MSP: Piróg jest winny sytuacji w Locie
Reklama
Prezes LOT-u jest winny obecnej sytuacji linii - uważa Mikołaj Budzanowski, minister skarbu państwa.
- Dlatego oczekuję jutro (13.12 - przyp. red.) od rady nadzorczej wyciągnięcia konsekwencji personalnych w stosunku do prezesa tej spółki za ostatnie dwa lata - powiedział Budzanowski na konferencji prasowej.
Ministerstwo Skarbu Państwa obwinia Piróga za to, że proces restrukturyzacji przez ostatnie dwa lata był prowadzony niewłaściwie. Według Budzanowskiego prezes LOT-u ponosi osobistą odpowiedzialność za problemy linii, która zwróciła się do ministerstwa o łącznie 1,5 mld złotych pomocy.
Minister ma również pretensje o to, że jeszcze we wrześniu Piróg zapewniał, że sytuacja LOT-u nie jest zła. Tymczasem prośba o pomoc publiczną, której tylko pierwsza transza ma wynosić 400 mln zł, świadczy o czymś innym.
Zarówno rzeczniczka MSP, jak i rzecznik LOT-u nie odbierają telefonów. Nie udało nam się potwierdzić, czy jedyną satysfakcjonująca ministra decyzją będzie dymisja prezesa Piróga. Nie znamy też stanowiska narodowego przewoźnika.

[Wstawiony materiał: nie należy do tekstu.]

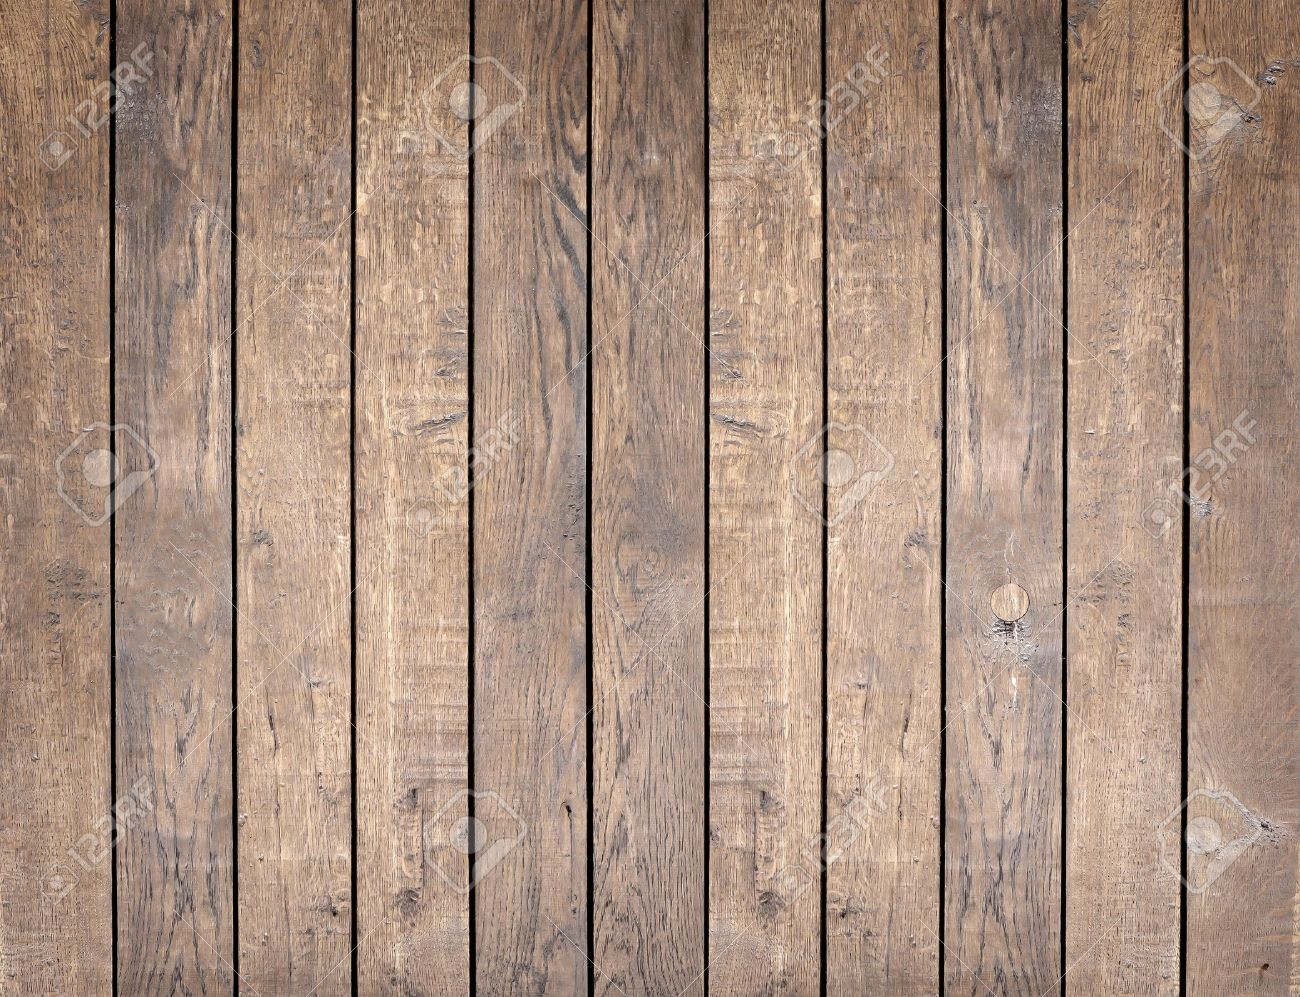 Wall panel hardwood flooring miami by ribadao lumber amp flooring - Walnut Floor Wood Texture Background Old Panels Walnut Floor Stock Photos Images Royalty Free Walnut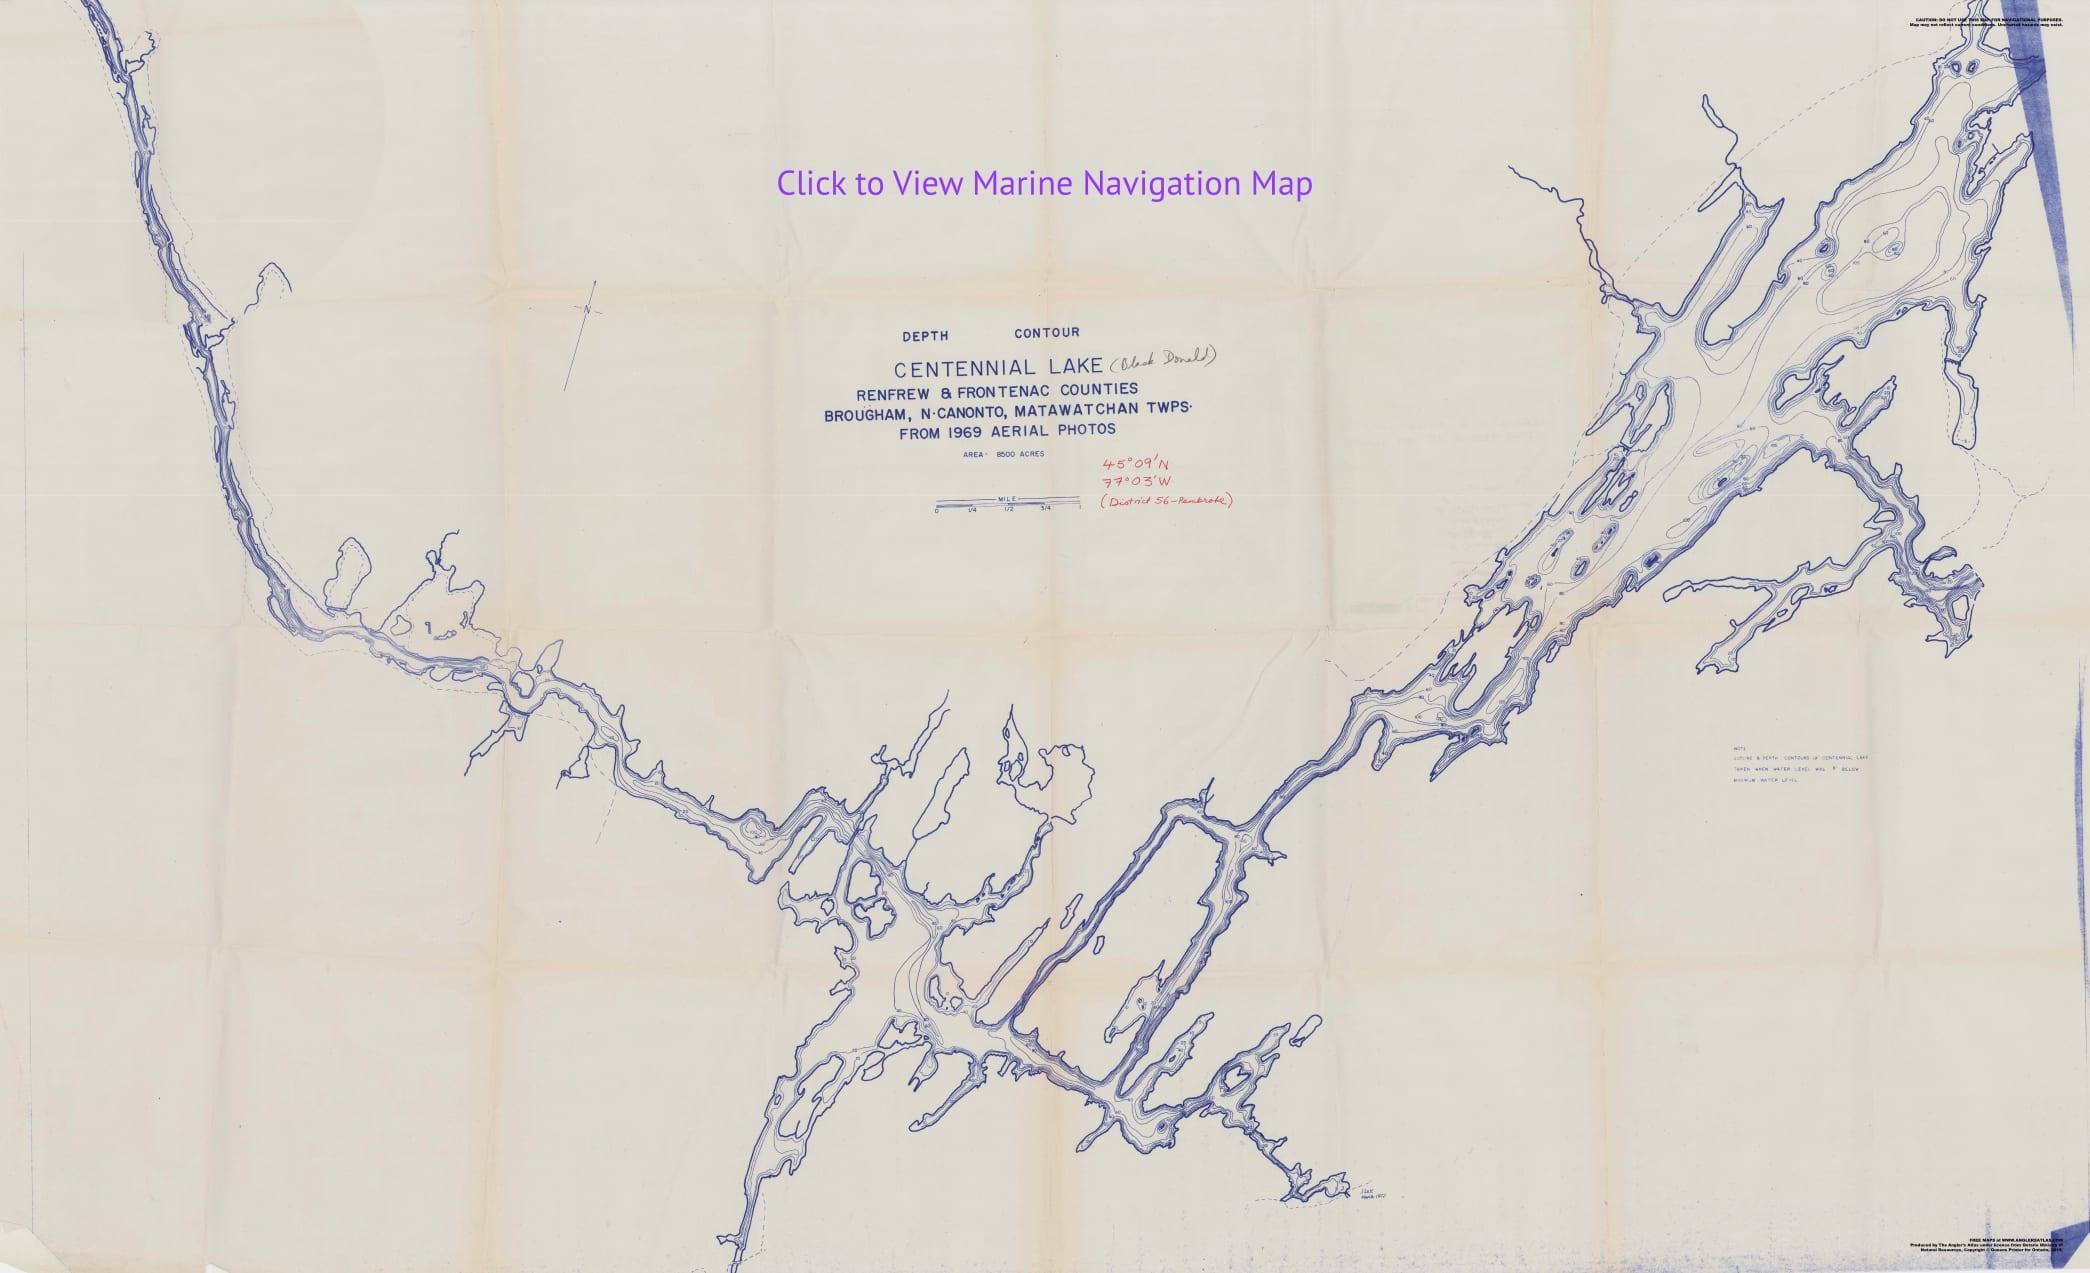 depth contour map of Black Donald and Centennial Lake

Dziś przez cały dzień trwają spotkania prezesa LOT-u z pracownikami na temat planu restrukturyzacyjnego. Ma on zakładać m.in. duże zwolnienia. Z taką metodą oszczędzania nie zgadzają się związki zawodowe, jednak według doniesień tvn24.pl na razie związkowcy nie planują strajku.